Ridge regression is linear regression with L2 regularization; how does varying the regularization strength affect the accuracy (MAE)?  How does it affect the rank order of the most informative coefficients?  Play around with the parameters of the CountVectorizer above (varying the number of max_features, increasing the ngram range to include bigrams, trigrams, etc.).

In [None]:
# higher values of alpha = stronger regularization
ridge_regression = linear_model.Ridge(alpha=100, fit_intercept=True)
ridge_regression.fit(X_train, (Y_train))
preds=ridge_regression.predict(X_test)
mae=sklearn.metrics.mean_absolute_error(preds, (Y_test))
print("MAE: %.3f" % mae)
analyze_weights(ridge_regression, vectorizer.vocabulary_, 5)

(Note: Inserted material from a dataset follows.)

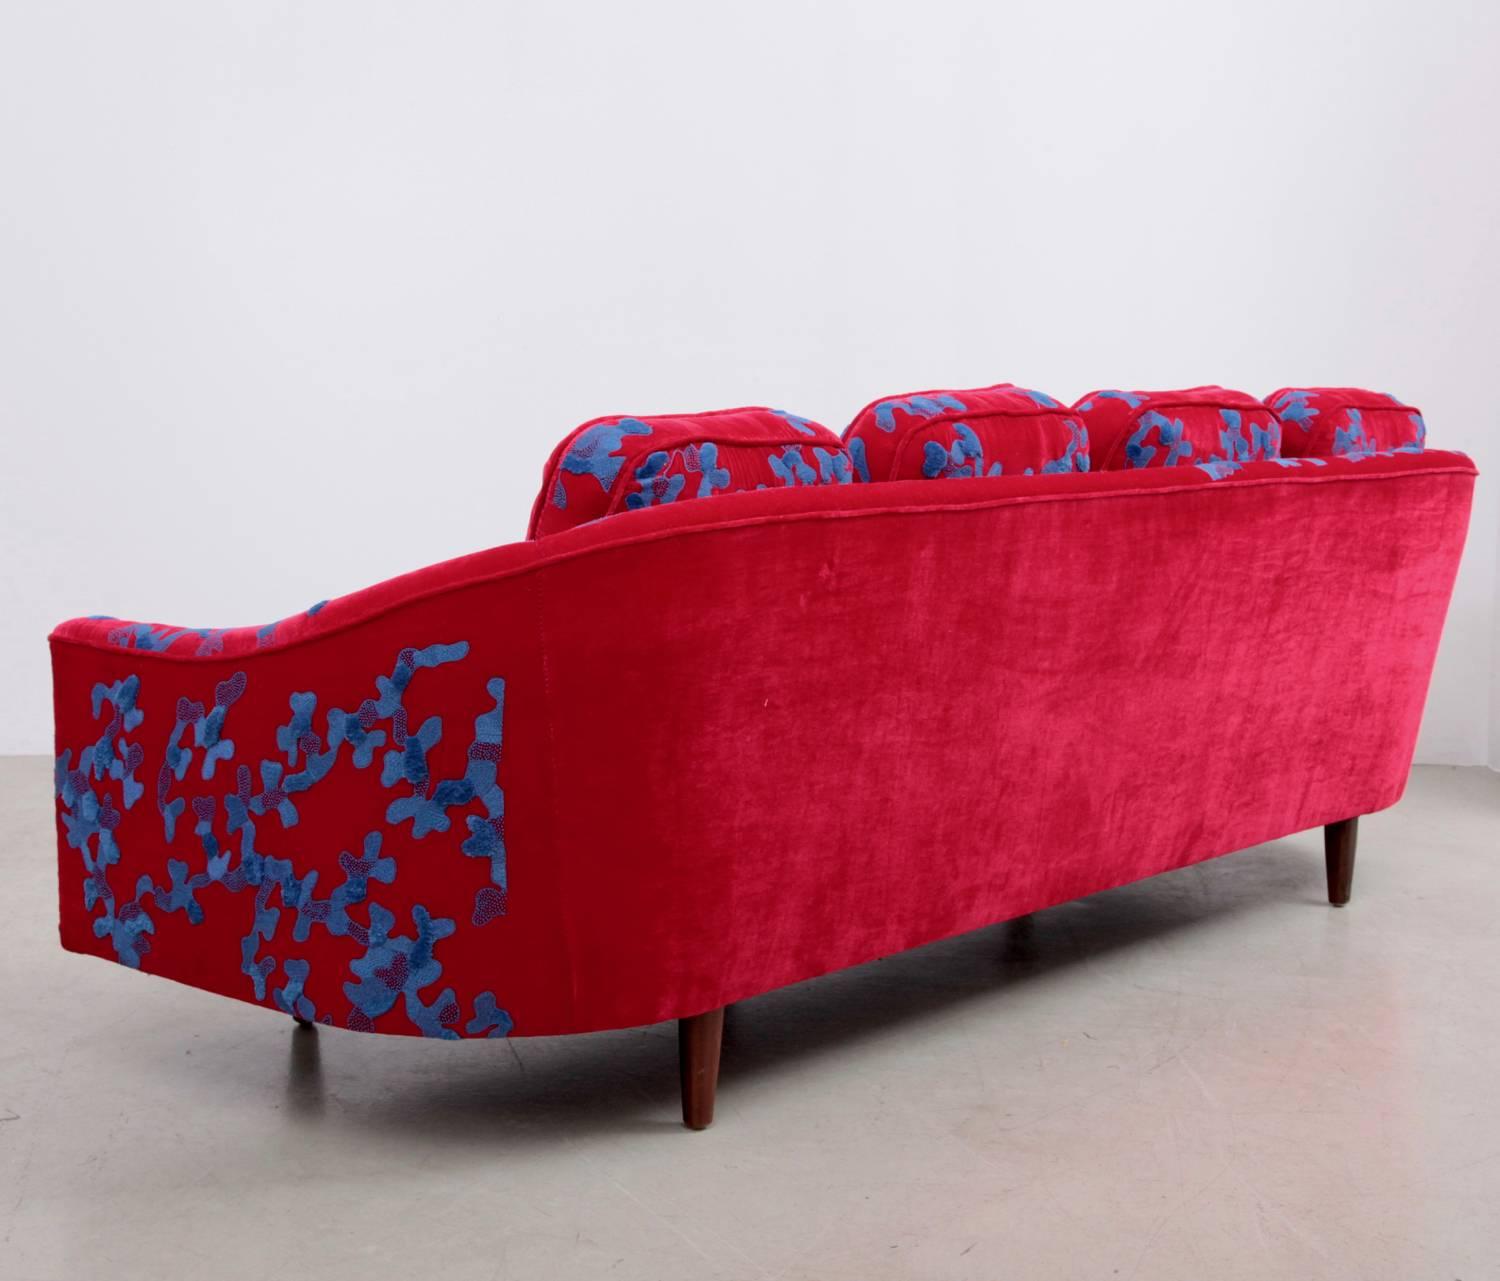 Red and Blue Harvey Probber Sofa with Jupe by Jackie Hand Embroidered Fabric In Excellent Condition For Sale In Berlin, DE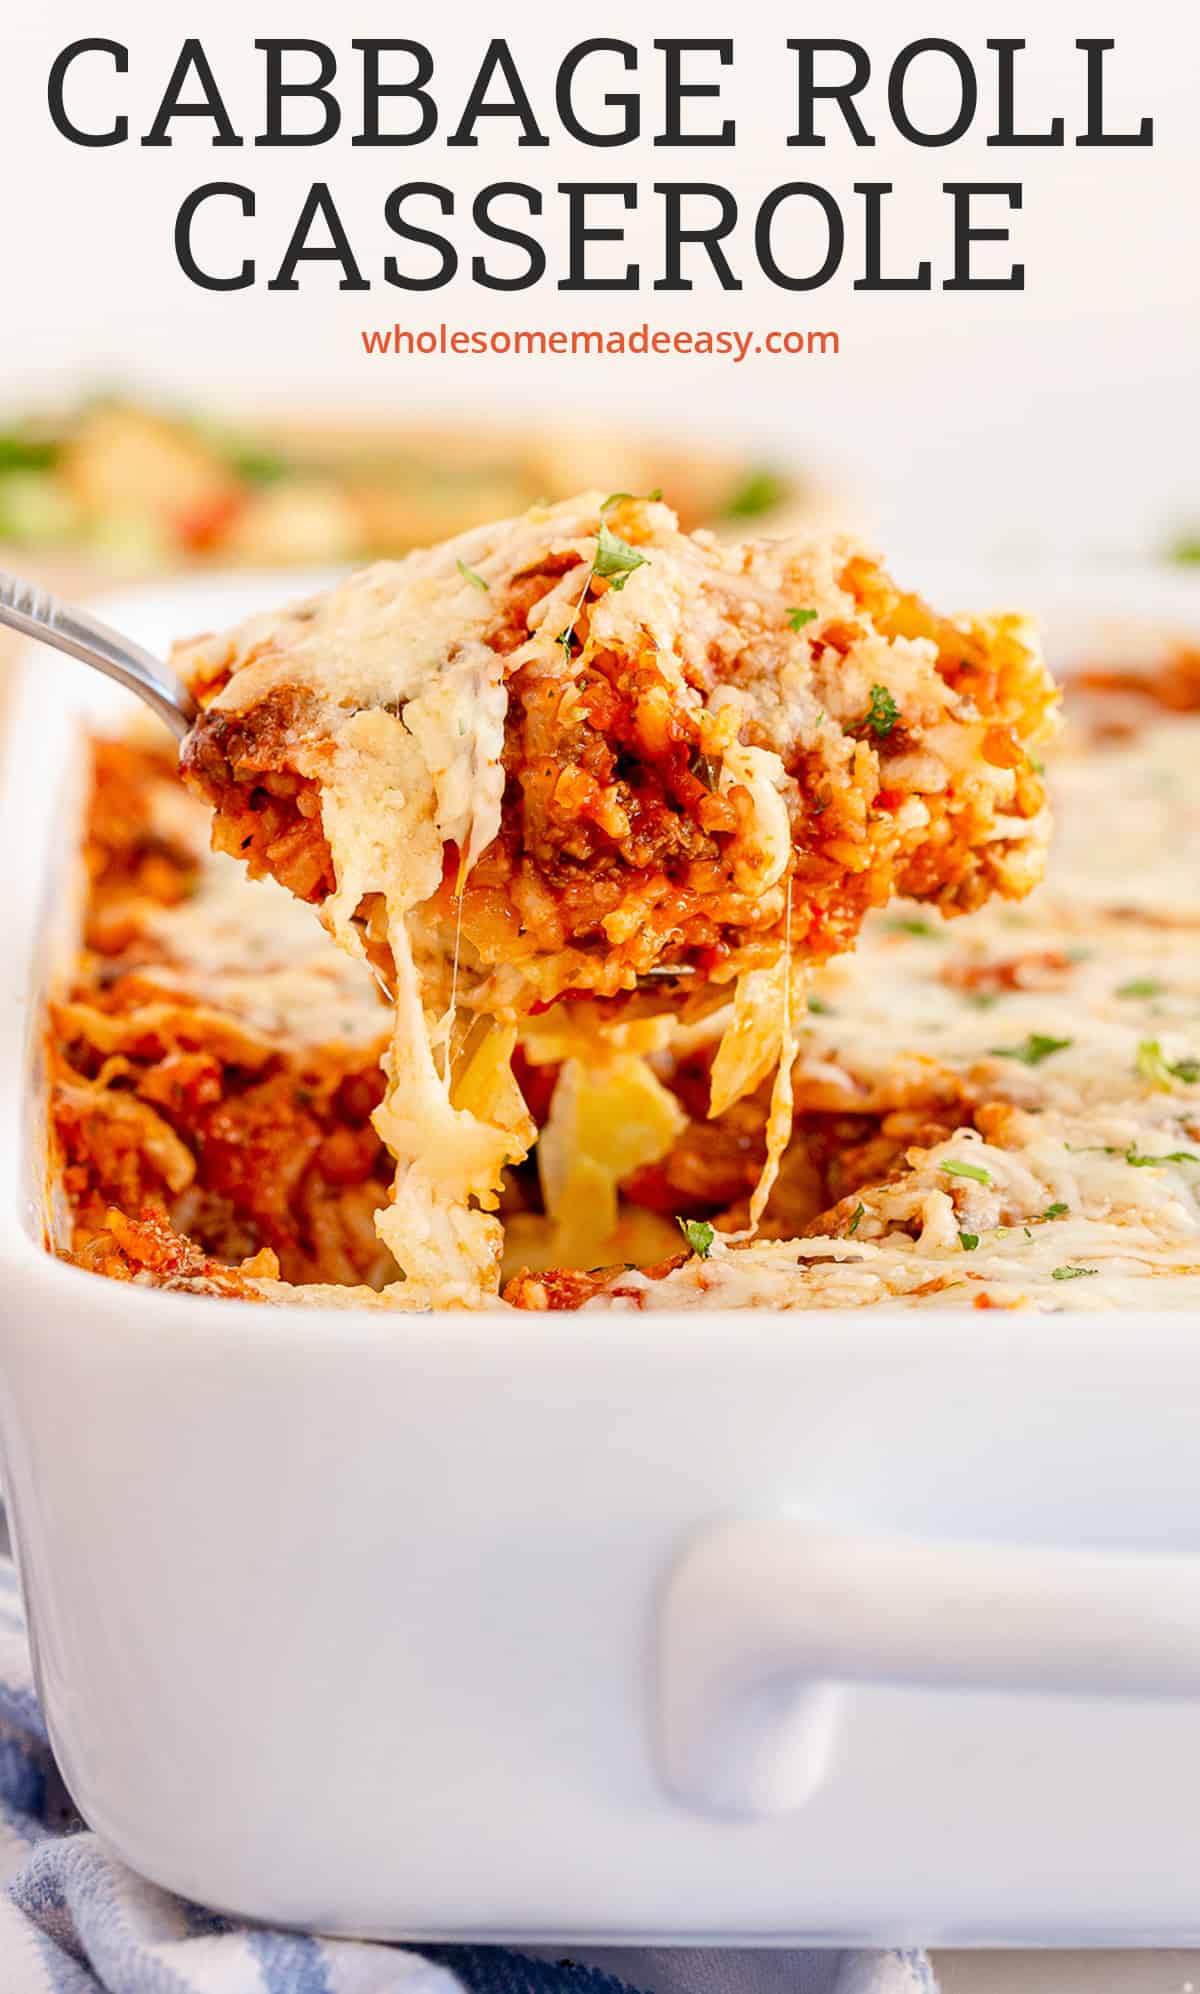 A spoon scoops up Cabbage Roll Casserole from a baking dish with text overlay.

Lasso is linear regression with L1 regularization, which pressures coefficients to not only be close to zero, but exactly zero.  Lasso provides features selection as a result of this, since parameters with 0 value are effectively removed from the model. How does varying the regularization strength here affect the number of non-zero coefficients?  How does it affect the rank order of the most informative coefficients?

In [None]:
lasso = linear_model.Lasso(alpha=100, fit_intercept=True, max_iter=10000)
lasso.fit(X_train, (Y_train))
preds=lasso.predict(X_test)
mae=sklearn.metrics.mean_absolute_error(preds, (Y_test))
print("MAE: %.3f" % mae)

count=0
for val in lasso.coef_:
    count+=1 if val != 0 else 0

print("Nonzero features: %s\n" % count)
analyze_weights(lasso, vectorizer.vocabulary_, 5, printZero=False)